Terapia małżeńska. Jak wyjść z kryzysu?

Prawdopodobnie większość osób, które były (lub są) w wieloletnich związkach wie, że po etapie przysłowiowych „różowych okularów” zaczyna się proza życia. Zarówno małżeństwa, jak i związki niesformalizowane prędzej czy później dopada kryzys, a partnerzy zaczynają poważnie myśleć o rozstaniu się. To czas, w którym powinni oni zdecydować się na terapię dla par. Może ona pomóc im przejść kryzys tak, by związek stał się jeszcze bardziej dojrzały, lub nauczyć partnerów, jak rozejść się bez wzajemnych pretensji.

Terapeuta nie ocenia!

Wiele osób nie chce brać udziału w terapii dla par, gdyż boją się one, że terapeuta przyzna racje partnerowi, a winą za rozpad związku obarczy tylko jedną osobę. Jeszcze inni nie wierzą, że obca osoba może podać „złote rady” i rozwiązać konkretne problemy pary. Przed zapisaniem się na terapie, małżonkowie muszą zdać sobie sprawę z tego, że terapeuta nie będzie oceniał żadnego z nich i nie nakaże im, co mają robić. Terapeuta pełni funkcję mediatora, który uczy partnerów komunikowania się. Specjalista zachęca obie strony do jasnego wyrażania swoich potrzeb i pragnień, a także do spojrzenia na dany problem bez głęboko zakorzenionych uprzedzeń. Terapia małżeńska przede wszystkim pomoże obojgu ludzi zrozumieć, czy kryzys jest wynikiem nieporozumień, mimo autentycznej miłości obu stron, czy też relacja zakończyła się dawno temu.

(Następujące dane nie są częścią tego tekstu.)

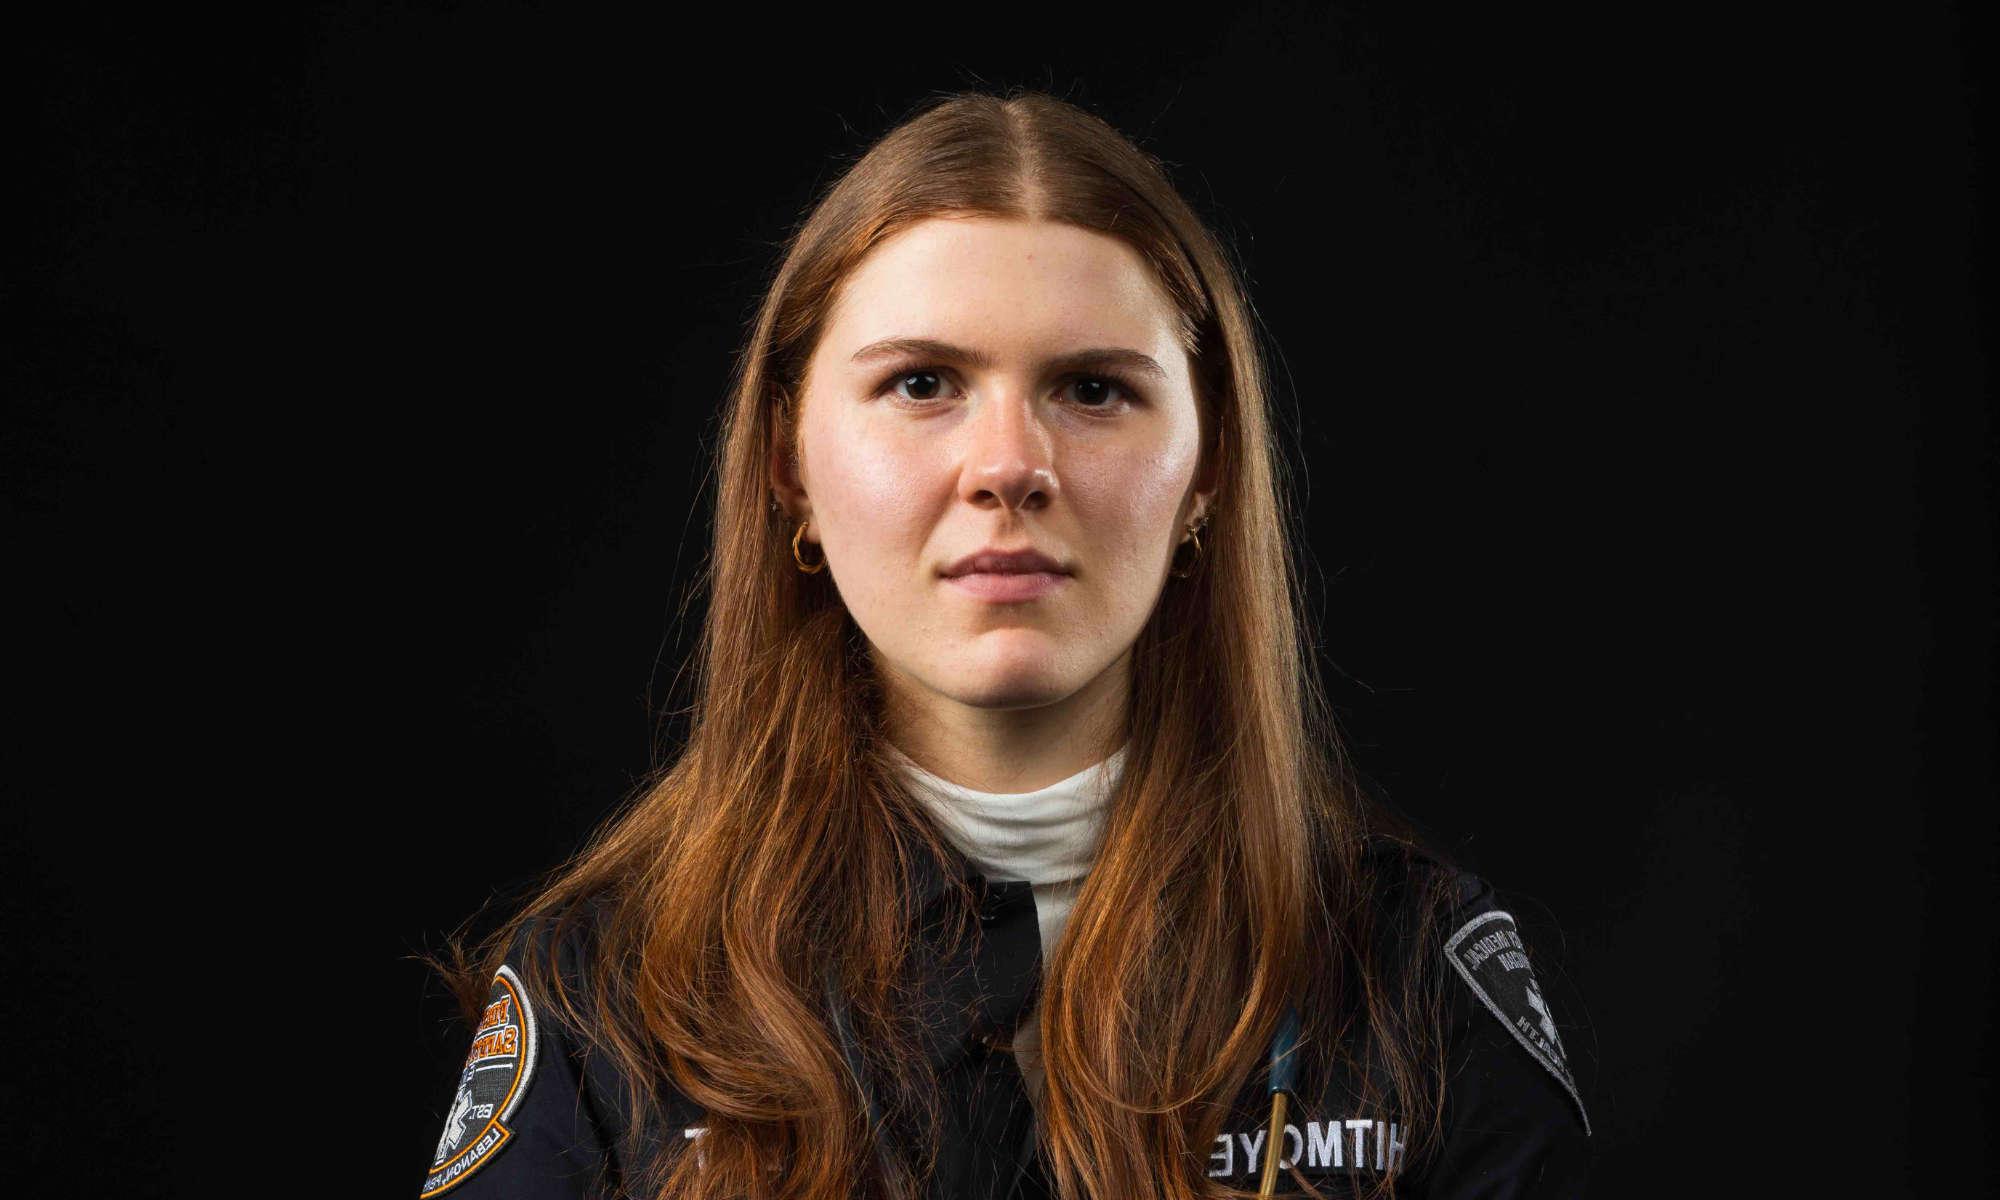 关闭-up horizontal of Rachel Whitmoeyer against a black background in an EMT uniform staring at the camera.
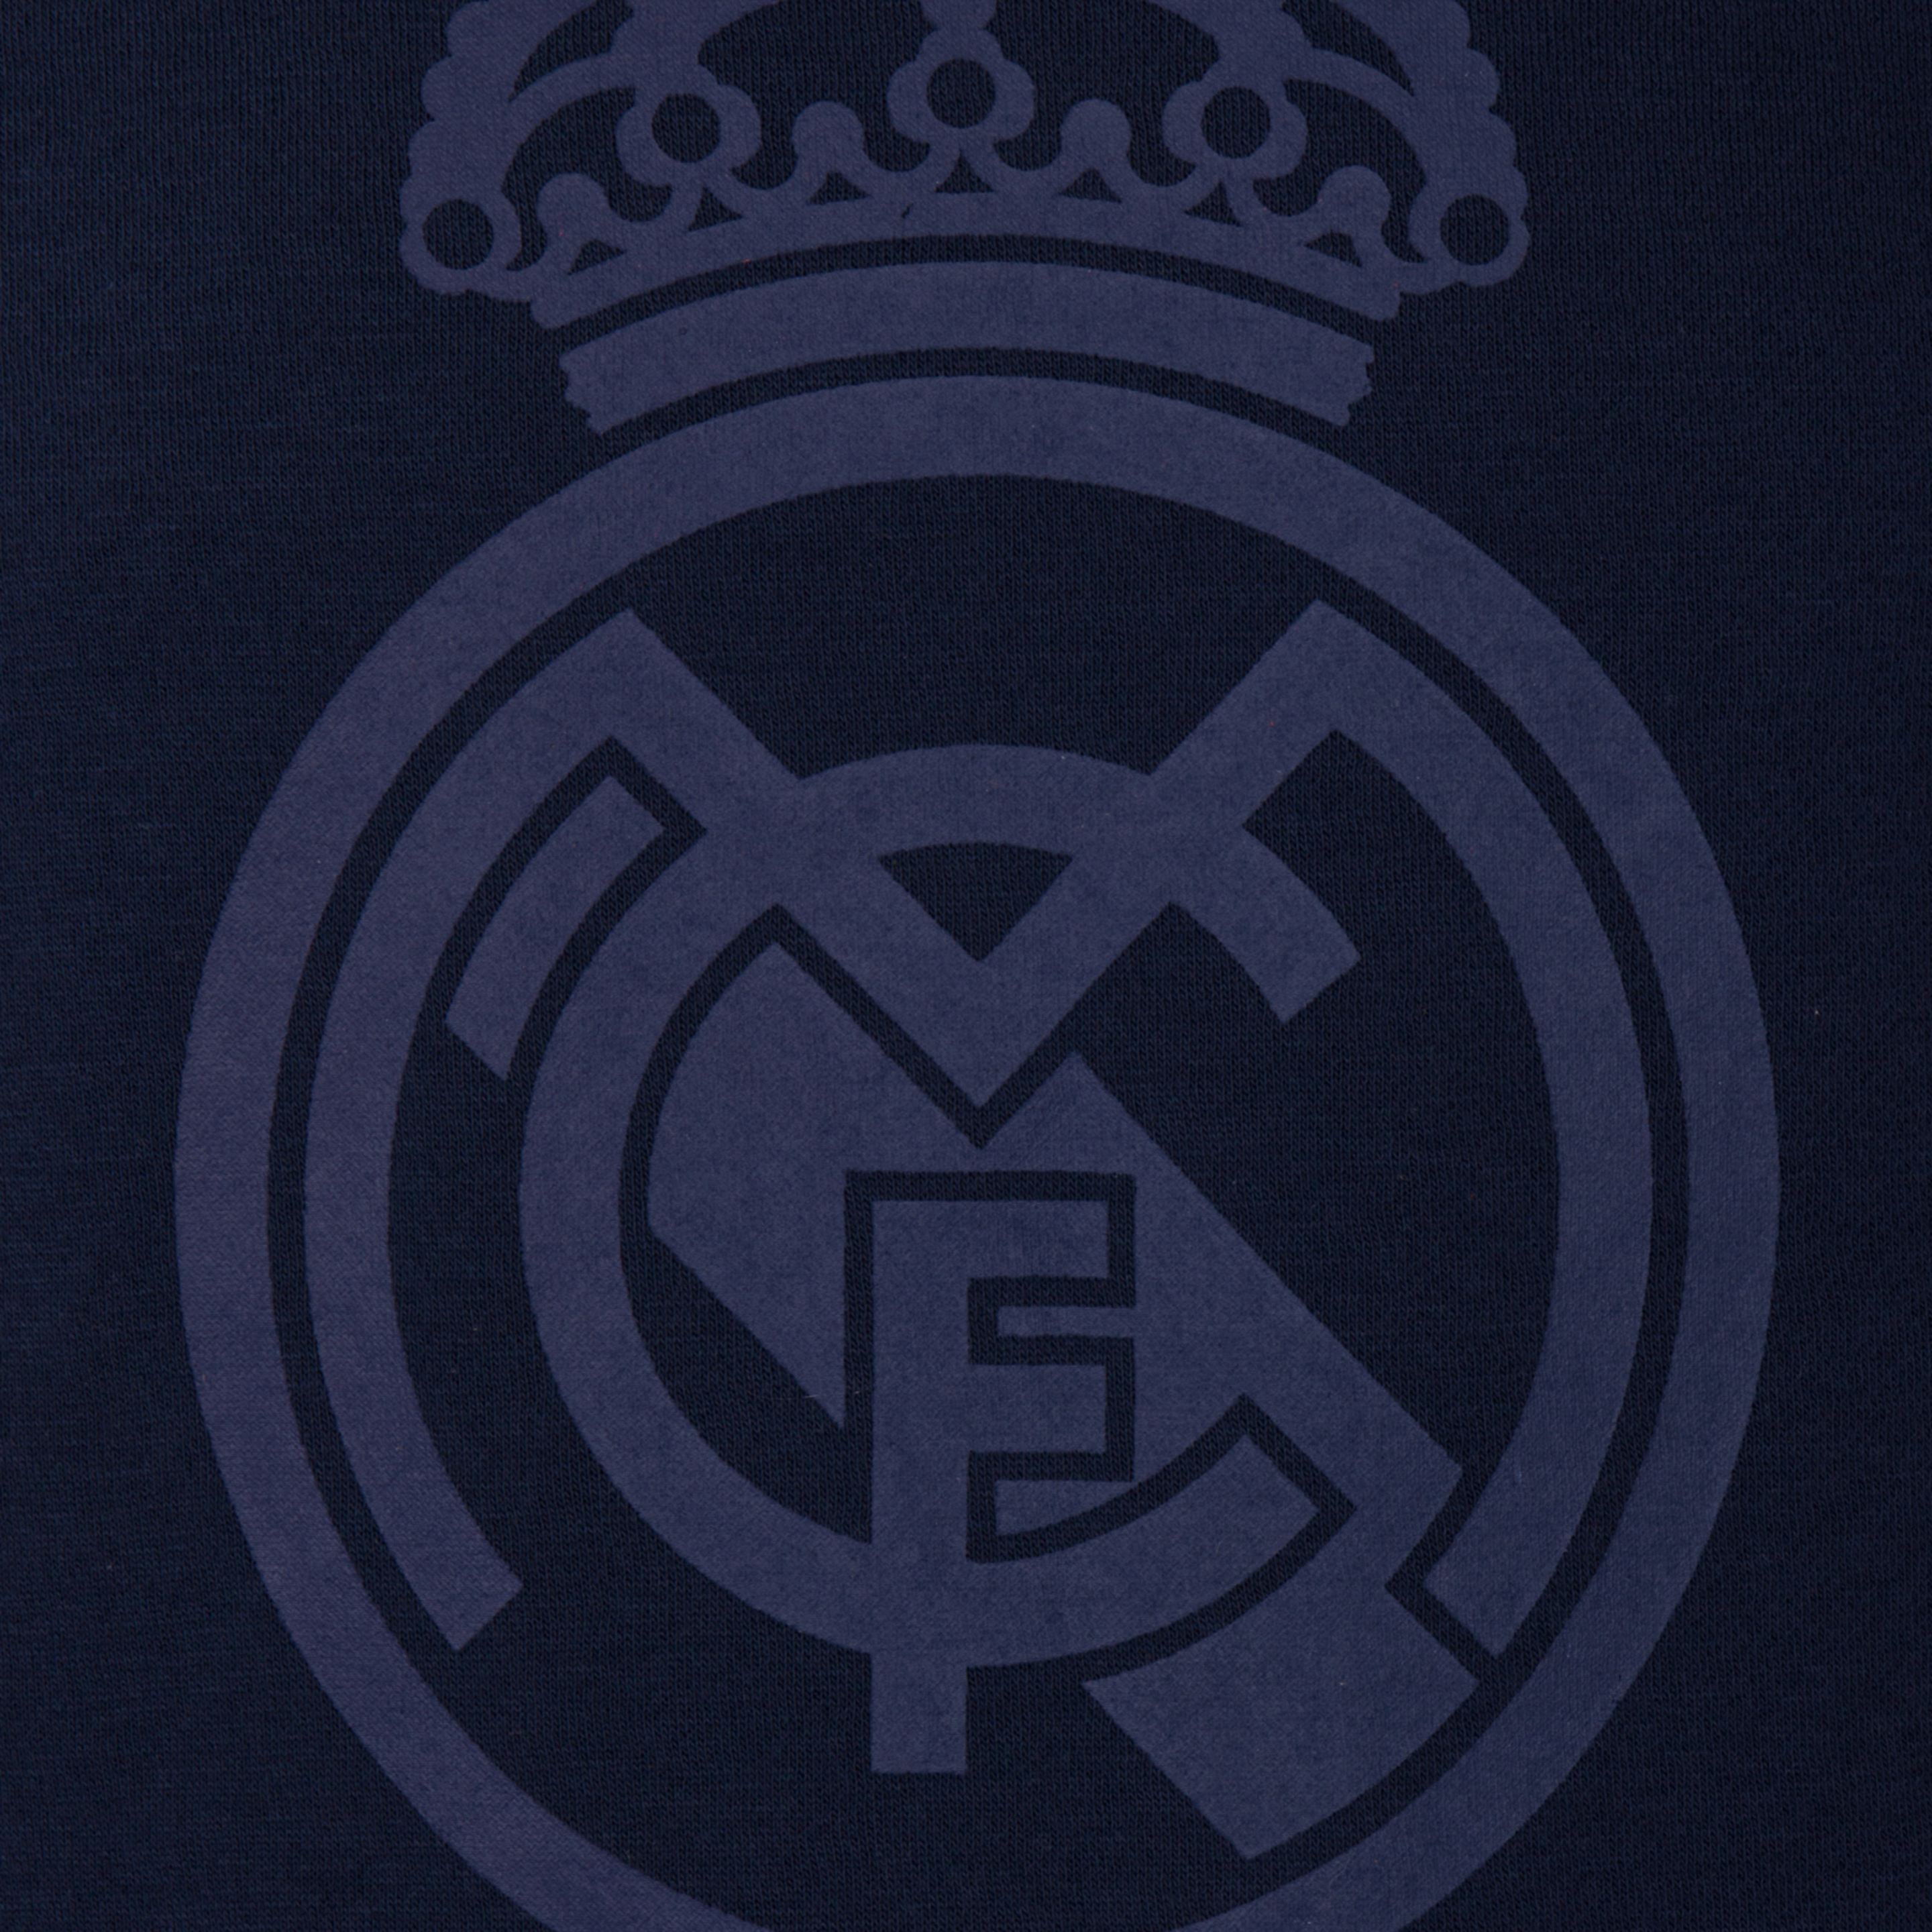 Real Madrid - Sudadera Oficial - Con El Escudo Del Club

To dobry punkt do podjęcia przez partnerów decyzji, czy chcą odbudować dojrzały związek, czy świadomie go zakończyć, bez ranienia się i tworzenia traum.

Źródło konfliktu

Często okazuje się, że źródłem kryzysu nie jest brak miłości między małżonkami, lecz kryzys rozwojowy jednej lub obu stron. Może on być spowodowany narodzinami i opieką nad dzieckiem, sukcesem zawodowym jednej ze stron, czy innym wydarzeniem, które może zachwiać poczuciem bezpieczeństwa partnerów. Dla osób tkwiących w związkach, w których pojawiają się problemy z uzależnieniem czy przemoc domowa, wspólna terapia może być pierwszym krokiem do świadomego zakończenia tzw. toksycznej relacji. Terapeuta nie usunie źródła konfliktu. Zaproponuje za to sposoby samodzielnej pracy nad związkiem poza gabinetem i nauczy partnerów, jak rozmawiać, by utrzymywać konstruktywny kierunek. Terapia nauczy patrzeć obojga partnerów na siebie samych, zrozumieć im ich własne reakcje, a także to, jak wpływają one na drugą połówkę. Terapia małżeńska wciąż kojarzy się w Polsce z etapem przedrozwodowym, gdy ma być ostatnią deską ratunku. Warto jednak wybrać się razem do terapeuty wcześniej, gdy małżonkowie czują, że się od siebie oddalają, coraz częściej dochodzi do kłótni, a cele i plany partnerów przestają być tożsame.